Sometimes you have to wonder if your life is just too good to be true.
Is it real or just an illusion?
Does the man lying beside you really love you like he says he does?
If the answer is yes, you’re meant to live happily ever after.
If the answer is no, you’re living my life…
and nothing will ever be the same.

I know I should walk away, but I can’t.

I’ll take whatever I can get for as long as it lasts.
I know when it’s over…
I’ll never find another man like him.

Buy Links

Amazon / iBooks / B&N / BAM / IndieBound / Google / Kobo 

Author Interview

If you haven’t added this deliciously angsty book to your TBR yet, I’m pretty sure this interview just may convince you 😉

DGR: Can we start out with a quick introduction for any readers out there that haven’t heard of you yet (if those even exist?)

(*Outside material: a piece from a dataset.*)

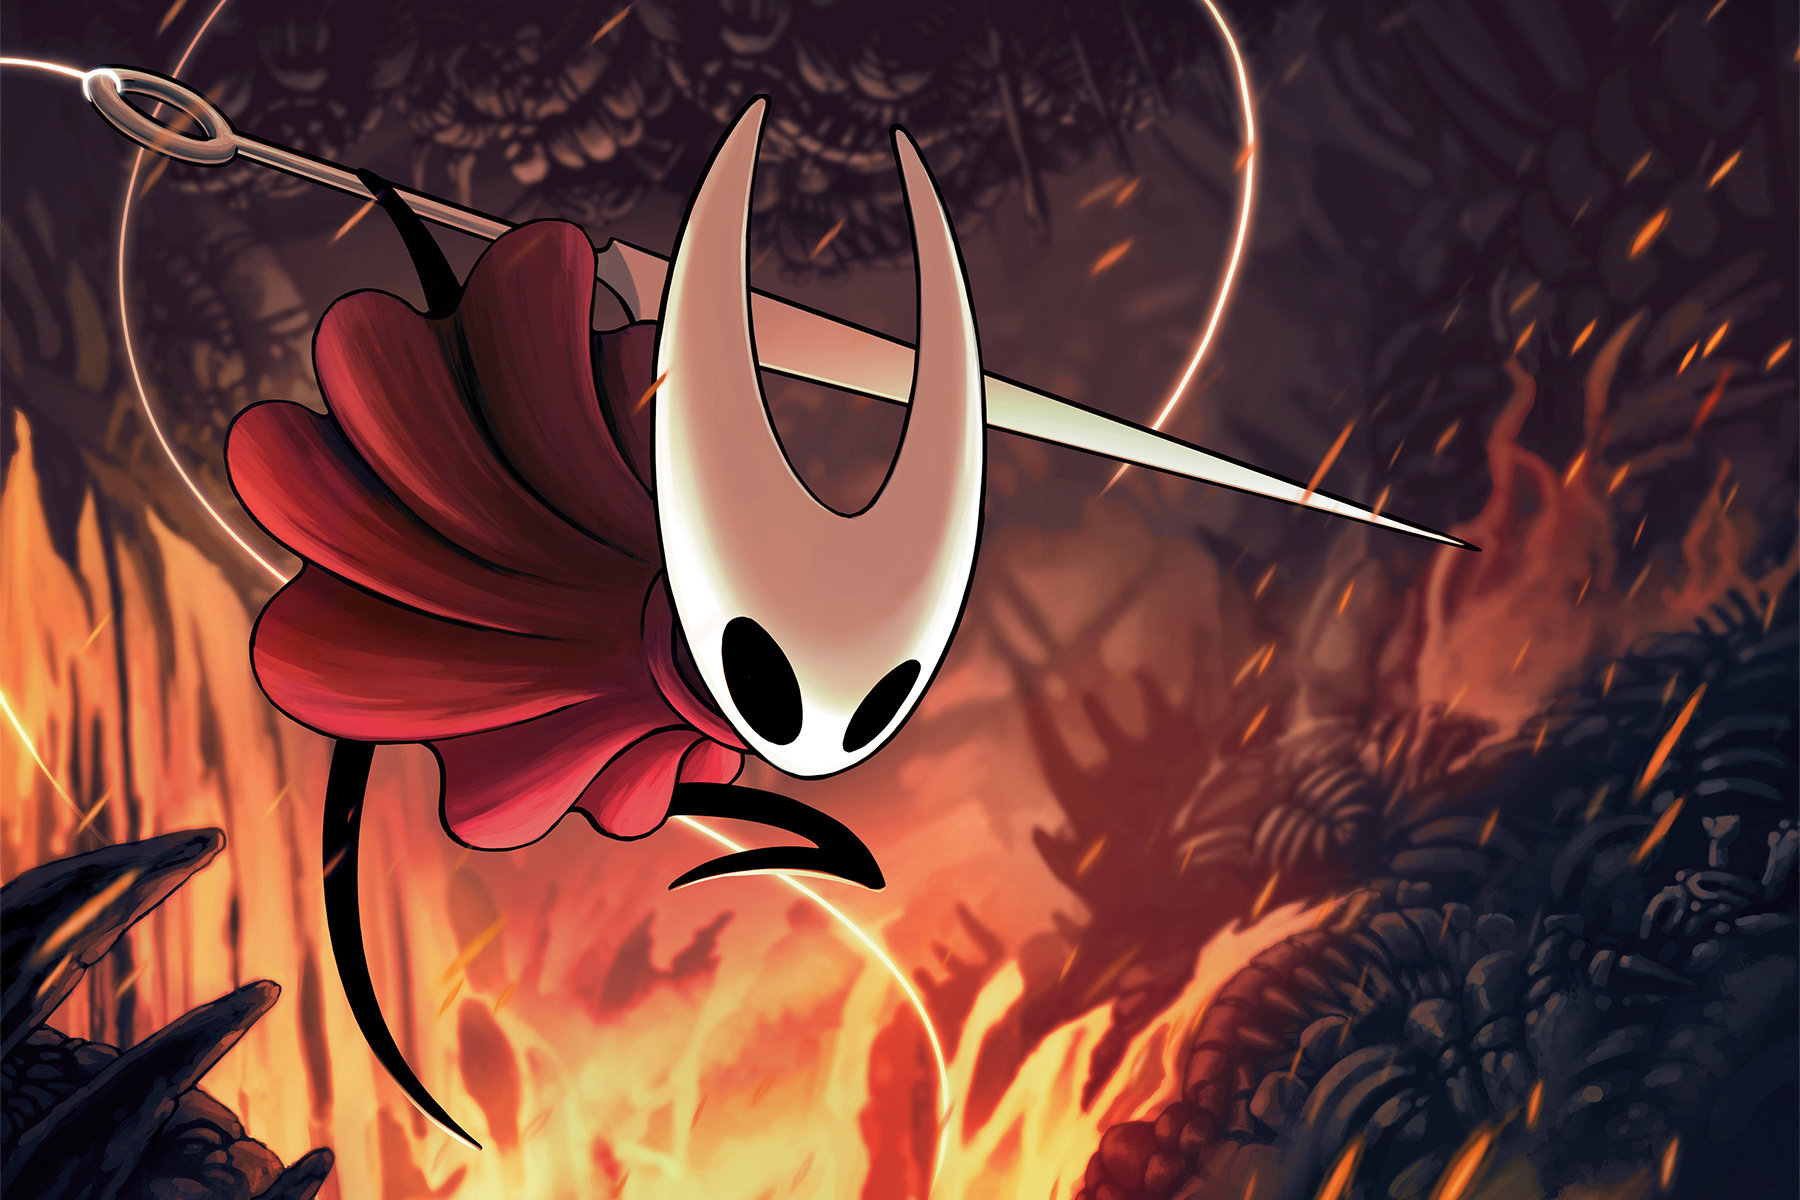 Silksong is a full blown sequel to Hollow Knight

KK: I’ll be 49 soon and can’t believe I’m one year away from 50. I don’t feel old at all and I hope to stay that way. I grew up in Rochester, NY and now live in Florida with my husband and four kids. I have always had a love for reading books and writing. Being an English major in college, I wanted to teach at the college level but that was not to be. I went on to receive an MBA and became a project manager until quitting to raise my family. I write romance books because I love to watch love blossom.

DGR: I’m a HUGE fan of the second chance romance. Do you have a favorite trope to write? Or is it more about when inspiration strikes you?
KK: I love second chance romances as well. That feeling you get in your stomach when it flips the first time they see each other again—it’s priceless.

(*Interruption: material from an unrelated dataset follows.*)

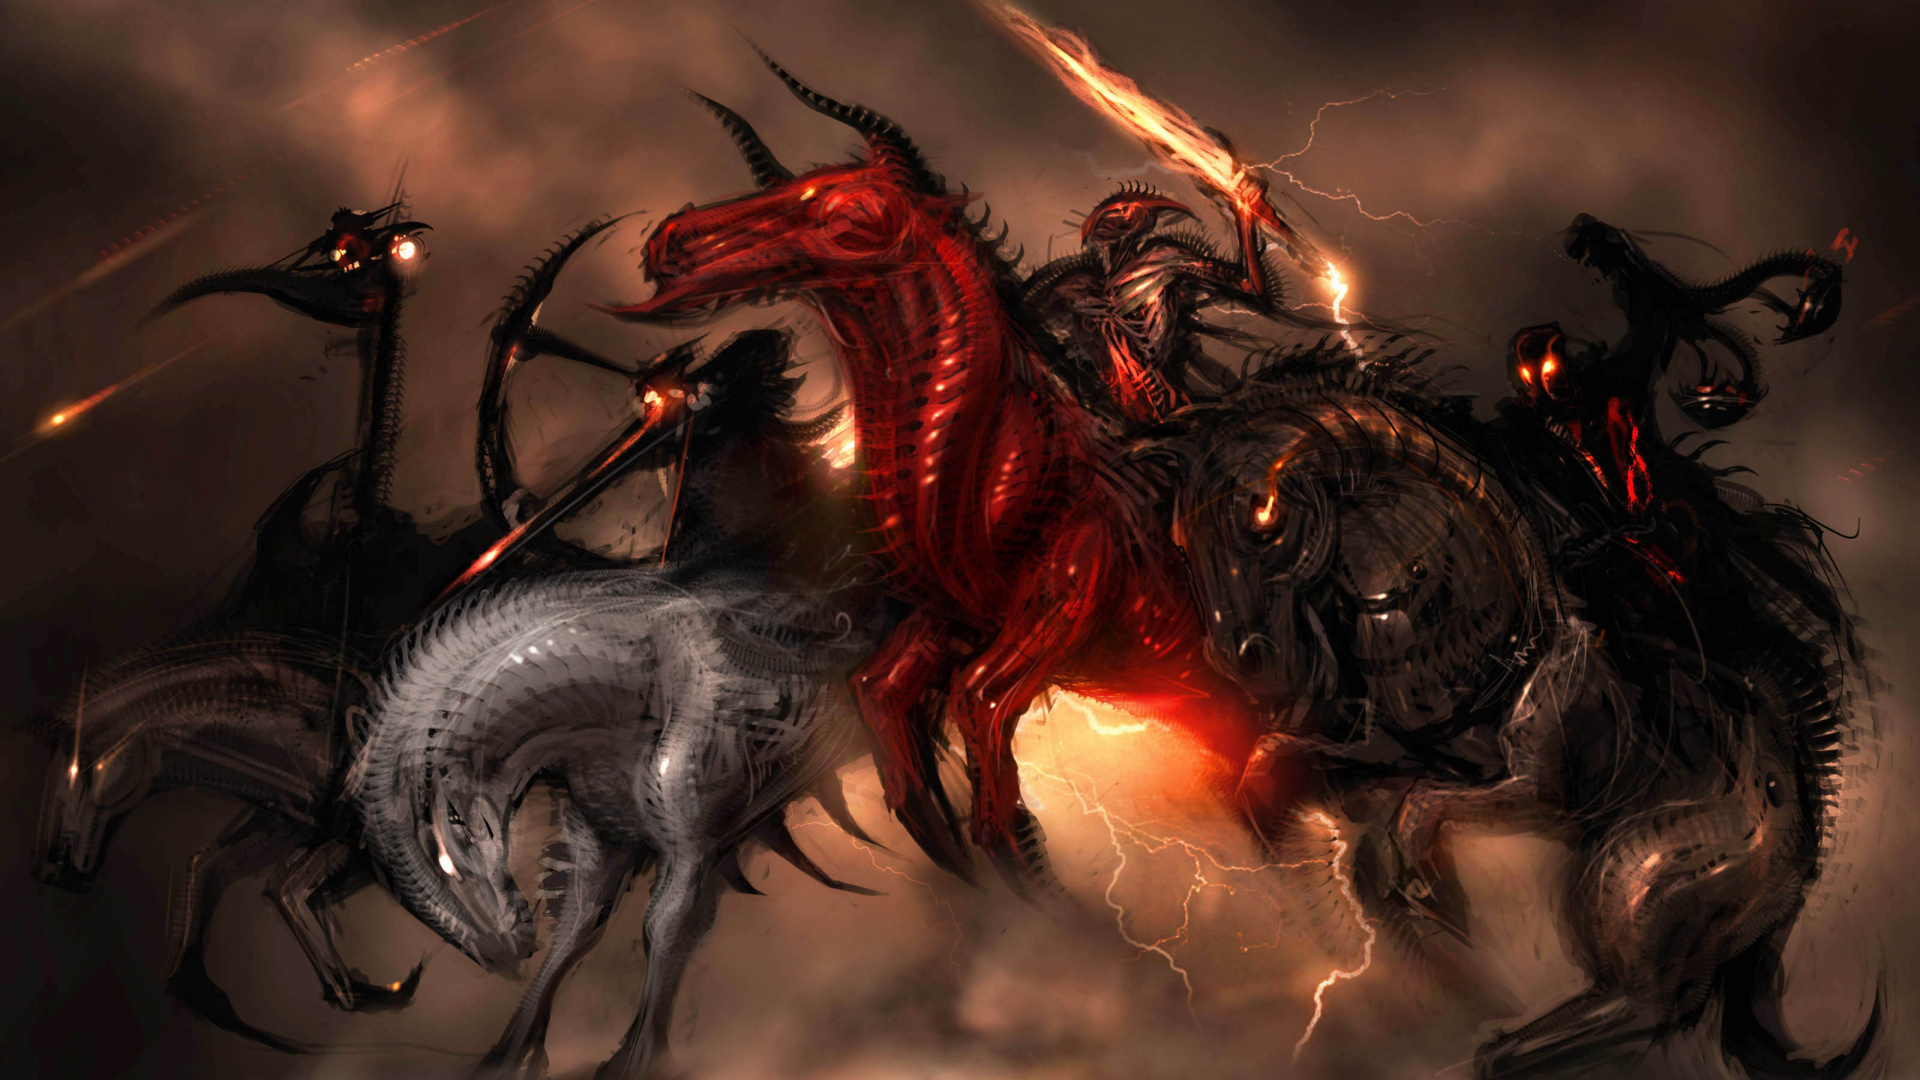 Red and Black Dragon Illustration. Wallpaper in 1920x1080 Resolution

DGR: Did you have any inspiration behind the story and/or the characters of Toxic?

KK: I’d read an article about underground nightclubs and thought it was such a cool idea. People show up in the oddest of places to party and then move to another. That transformed into Jeremy’s business in a more legit way. As for Phoebe and friends, I wanted to create a group that was somewhat against the grain of how we think of socialites.

DGR: Jeremy McQueen. The blurb describes him as a sexy, intense, sometimes brooding entrepreneur that goes after what he wants. I have to admit I was sold on the book from that alone. What else can you tell us about the brooding Jeremy?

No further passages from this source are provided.